In *Italian*: _Non c'è fumo senza arrosto_, meaning _There is no smoke without a roast (of meat)_

caterina


----------



## szivike

In *Hungarian* I've heard: 
"Ahol füst van, ott tűz is van." meaning where there's smoke, there's fire but the more common way of saying this is:
"Nem zörög a haraszt, ha nem fúj a szél." lit. meaning The dry leaves do not rustle if no wind blows.
or 
"Szél fúvatlan nem indul" - a tricky one to translate, but something like "the wind doesn't start without [someone or something] blowing it"


----------



## Trauer

Polish: Nie ma dymu bez ognia (There's no smoke without fire)


----------



## linguist786

*Hindi:*

जहाँ धुआँ हैं वहाँ आग भी हैं

_(jahaaN dhuaaN hai wahaaN aag bhi hai)_


----------



## Rallino

In Turkish we use the negative version of this expression 

_*Ateş olmayan yerden duman çıkmaz*_
_
(lit.

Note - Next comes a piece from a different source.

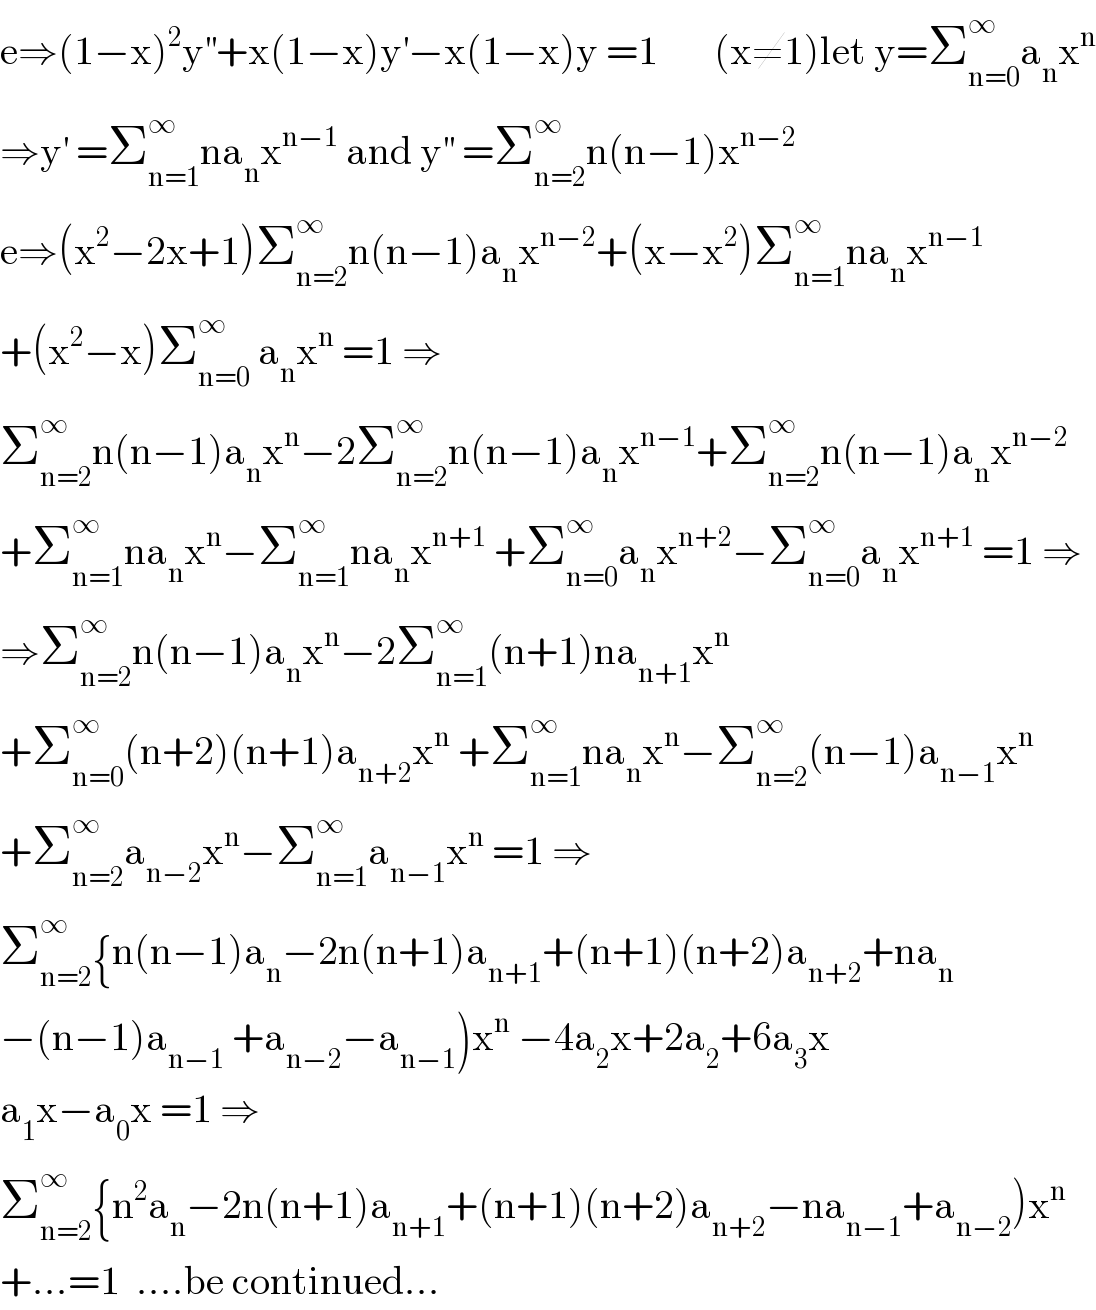 e⇒(1−x)^2 y^(′′) +x(1−x)y^′ −x(1−x)y =1       (x≠1)let y=Σ_(n=0) ^∞ a_n x^n   ⇒y^′  =Σ_(n=1) ^∞ na_n x^(n−1)  and y^(′′)  =Σ_(n=2) ^∞ n(n−1)x^(n−2)   e⇒(x^2 −2x+1)Σ_(n=2) ^∞ n(n−1)a_n x^(n−2) +(x−x^2 )Σ_(n=1) ^∞ na_n x^(n−1)   +(x^2 −x)Σ_(n=0) ^∞  a_n x^n  =1 ⇒  Σ_(n=2) ^∞ n(n−1)a_n x^n −2Σ_(n=2) ^∞ n(n−1)a_n x^(n−1) +Σ_(n=2) ^∞ n(n−1)a_n x^(n−2)   +Σ_(n=1) ^∞ na_n x^n −Σ_(n=1) ^∞ na_n x^(n+1)  +Σ_(n=0) ^∞ a_n x^(n+2) −Σ_(n=0) ^∞ a_n x^(n+1)  =1 ⇒  ⇒Σ_(n=2) ^∞ n(n−1)a_n x^n −2Σ_(n=1) ^∞ (n+1)na_(n+1) x^n   +Σ_(n=0) ^∞ (n+2)(n+1)a_(n+2) x^n  +Σ_(n=1) ^∞ na_n x^n −Σ_(n=2) ^∞ (n−1)a_(n−1) x^n   +Σ_(n=2) ^∞ a_(n−2) x^n −Σ_(n=1) ^∞ a_(n−1) x^n  =1 ⇒  Σ_(n=2) ^∞ {n(n−1)a_n −2n(n+1)a_(n+1) +(n+1)(n+2)a_(n+2) +na_n   −(n−1)a_(n−1)  +a_(n−2) −a_(n−1) )x^n  −4a_2 x+2a_2 +6a_3 x  a_1 x−a_0 x =1 ⇒  Σ_(n=2) ^∞ {n^2 a_n −2n(n+1)a_(n+1) +(n+1)(n+2)a_(n+2) −na_(n−1) +a_(n−2) )x^n   +...=1  ....be continued...

Smoke doesn't come out where there is no fire)_


----------



## sakvaka

*Swedish*: _Ingen rök utan eld._


----------



## bibax

Czech:

*Není kouře bez ohně.*

Like in other Slavic languages except we use *kouř* which is synonymous to *dým* (smoke).

Btw, Slavic *dym* is related to Latin *fumus* (*dhumos).


----------



## nimak

Macedonian:

*Кај што има чад, има и оган.* (Káj što íma čád, íma i ógan.)


----------



## Welsh_Sion

*Cymraeg/Welsh

lle bydd/bo mwg bydd tân* - Where there will be/be smoke, (there) wiill be fire
*rhaid cael [peth] lliw cyn lliwio *- It is necessary to have [some] colour before colouring


----------



## tFighterPilot

Hebrew:
אין עשן בלי אש
Ein ashán bli esh
There is no smoke without fire


----------



## elroy

Palestinian Arabic:
فش دخّان بلا نار (_fiš duxxān bala nār_)


----------



## Red Arrow

Dutch: Waar rook is, is vuur.


----------



## Penyafort

Catalan:

*No hi ha fum sense foc.*​_There's no smoke without fire._​*Quan els gossos borden, alguna cosa senten.*​_When dogs bark, something they're hearing._​


----------



## Abaye

Aramaic:  לֵית תְּנָנָא בְּלָא אֶשָּׁא, וְלָא אֶשָּׁא בְּלָא תְּנָנָא "leyt tnana bela esha, vela esha bela tnana", meaning: there's no smoke without fire, and no fire without smoke. From a sacred Cabbalistic books, Zohar.


----------



## Yendred

The expression is quite similar in many languages and the reason is it comes from a Latin author called Publilius Syrus (1st century B.C.): _Flamma fumo est proxima _(lit._ Flame is close to smoke_)


----------